In the first notebook, as Paula Byrne explains, Jane Austen wrote her first little stories, plays, poems, and satires.[1] The second notebook contains two epistolary novelettes, a parodic “History of England,” while the third notebook contains a fragmentary story called “Evelyn” and the much longer, though still unfinished, “Catharine, or the Bower.”
The cover of each notebook is given a title such as that found on your typical 18th- and 19th-century three-part novel: Volume the First, Volume the Second, and Volume the Third. She learned her craft by doing what any craftsman does: imitating the masters. Byrne estimates that the writings in these three vellum notebooks amount to some 90,000 words. From the first Jane Austen had a craftsman’s mindset.
The Craftsman’s Mindset: Six Characteristics
The craftsman’s mindset is essential not only to the making of the greatest art, like Jane Austen’s novels, but also to doing any kind of great work. Further, as both Matthew Crawford and Cal Newport have argued, the craftsman’s mindset is essential to cultivating habits of attention able to resist the incessant encroachments of digital technology.[2]

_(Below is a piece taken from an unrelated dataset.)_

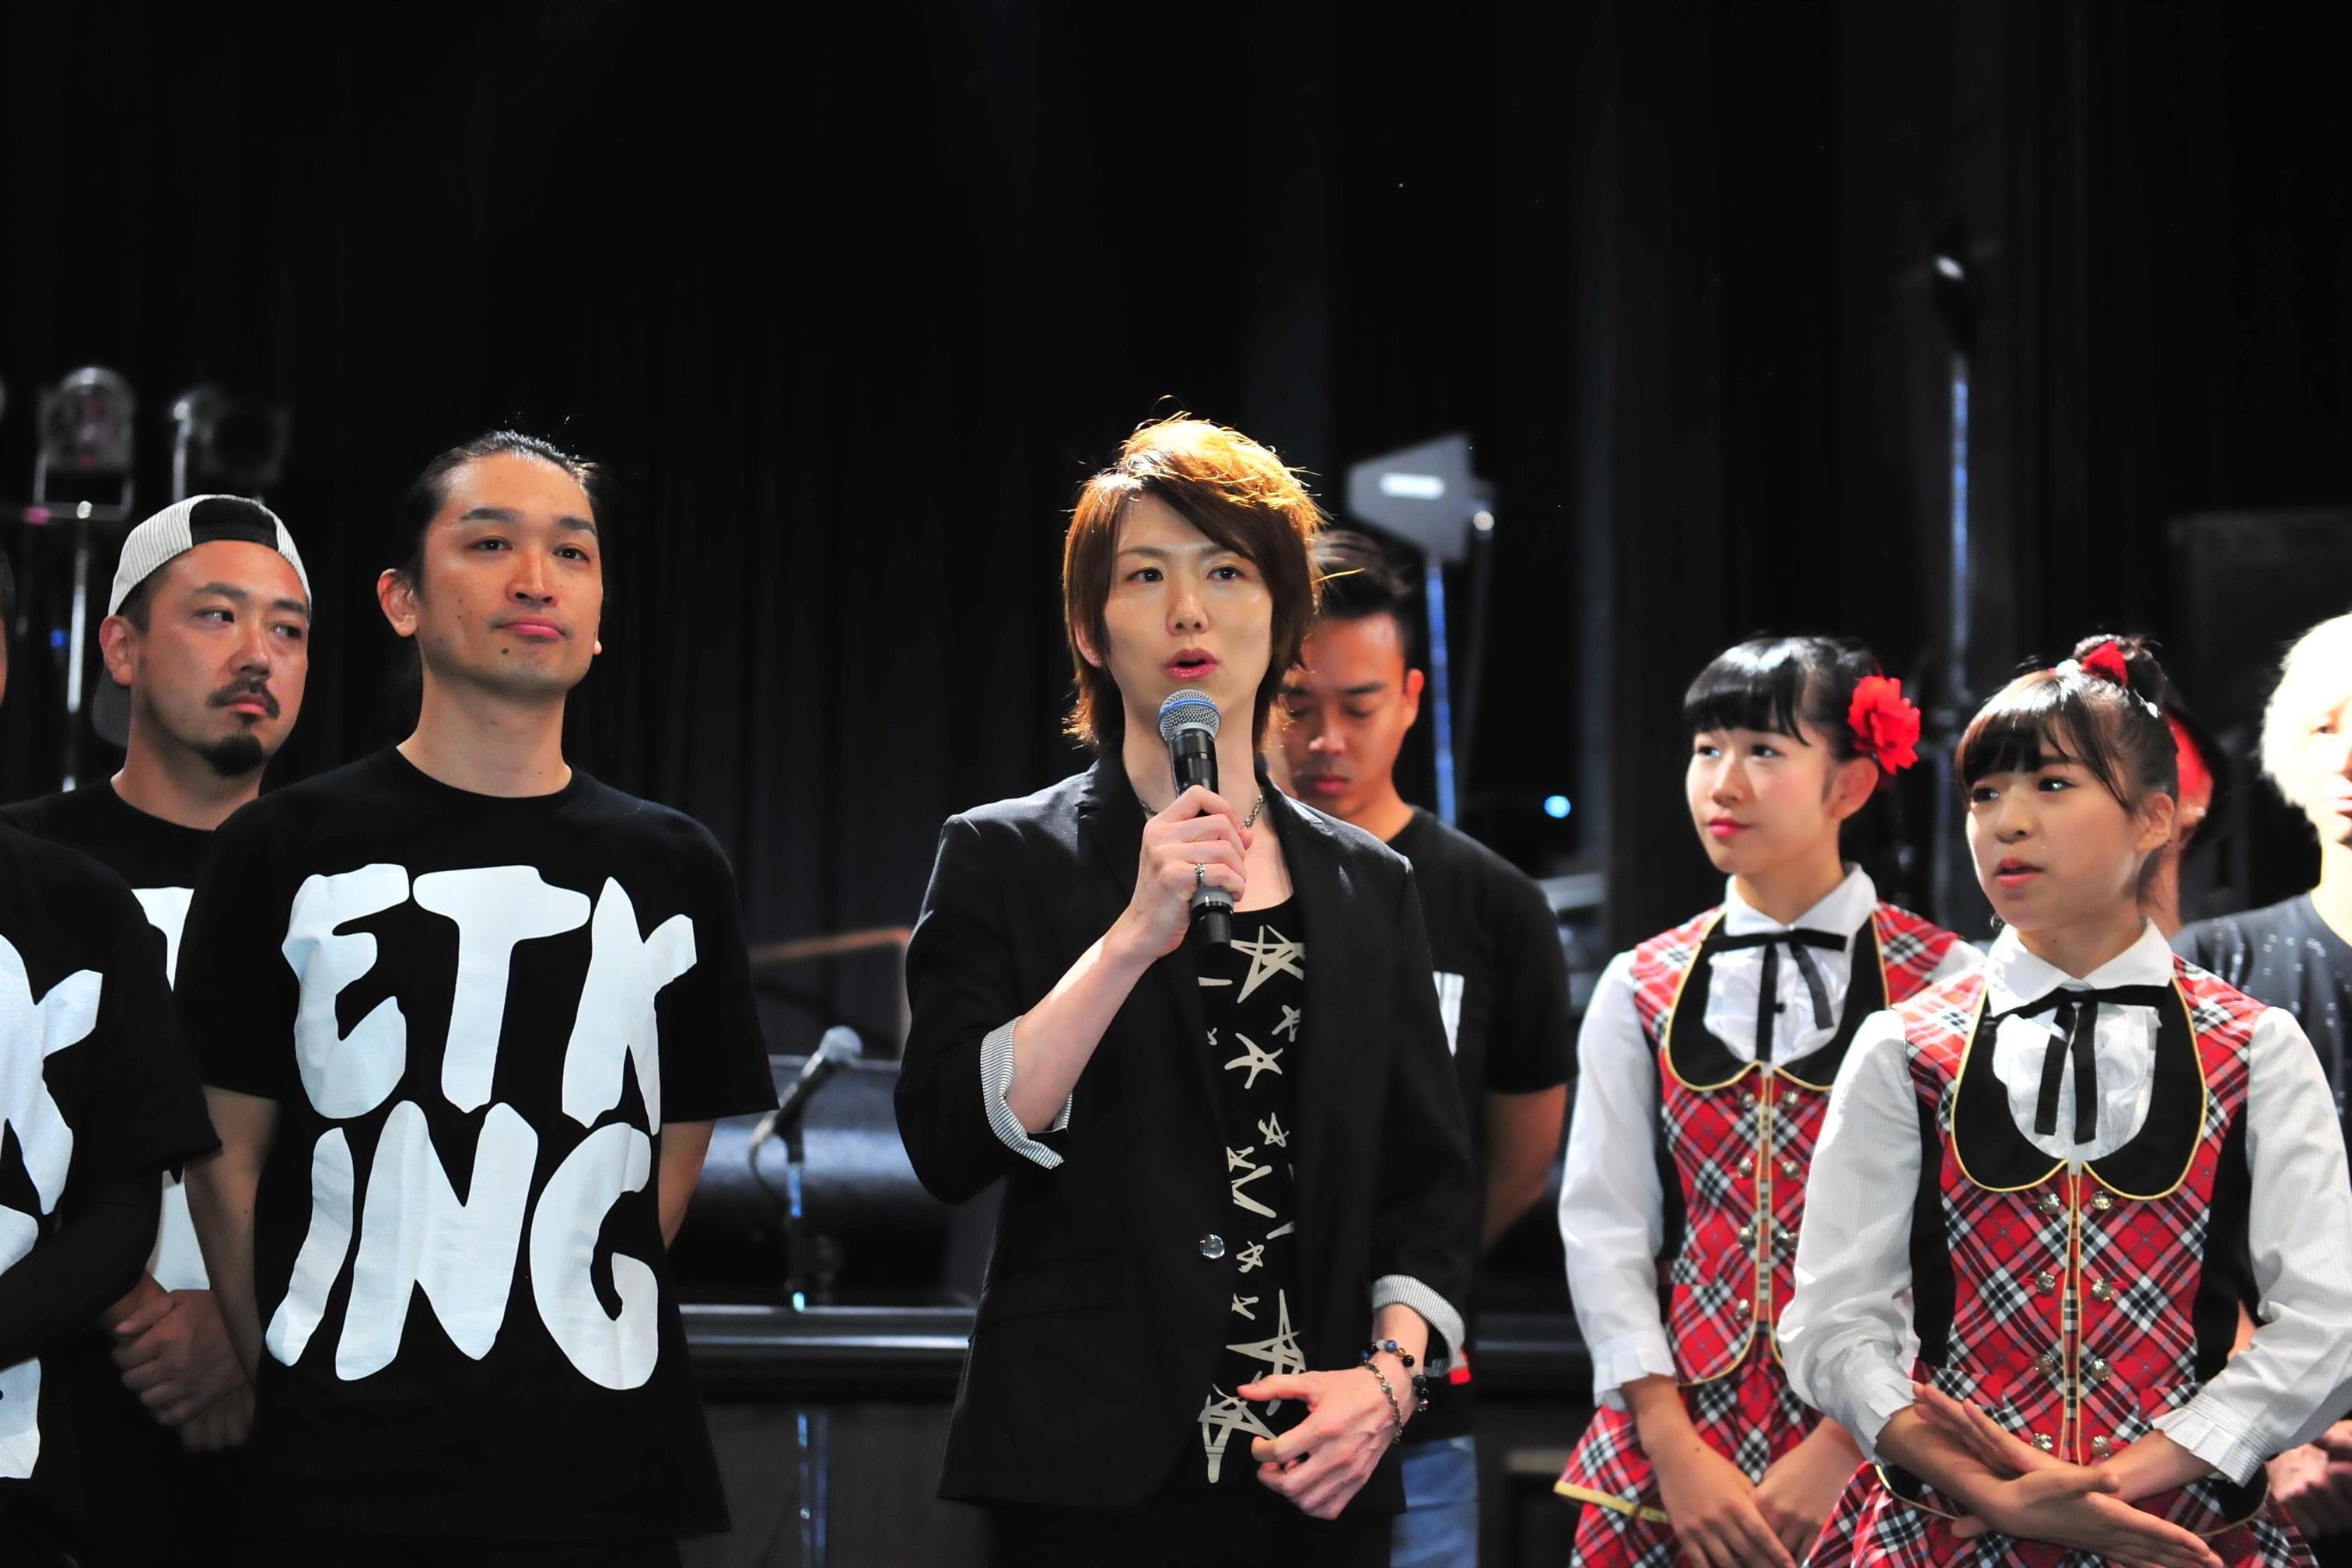 http://news.yoshimoto.co.jp/20160730192538-5d7bfe53bf14d340f1737486ebc76e918d470c02.jpg

What are the characteristics of the craftsman’s mindset? The craftsman looks at his or her work in the following way:
1. There is, first, a community of masters and apprentices, otherwise known as a practice, where apprentices undergo a regimen of training designed to help them achieve mastery in the acting craft and, through the craft, be of service to the world.
2. There is thus in a practice an authoritative structure to which the apprentice must submit in order to develop mastery in the practice. As this authoritative structure persists over time it becomes a tradition (from the Latin tradere = to hand over).
3. There is a body of knowledge, a know-how, that the masters pass on to the apprentices. In Taika Waititi’s hilarious comedy, Hunt for the Wilderpeople, knowledge of how to survive in the New Zealand bush is called, simply, “the knack.” To gain a certain knack is the point of a practice.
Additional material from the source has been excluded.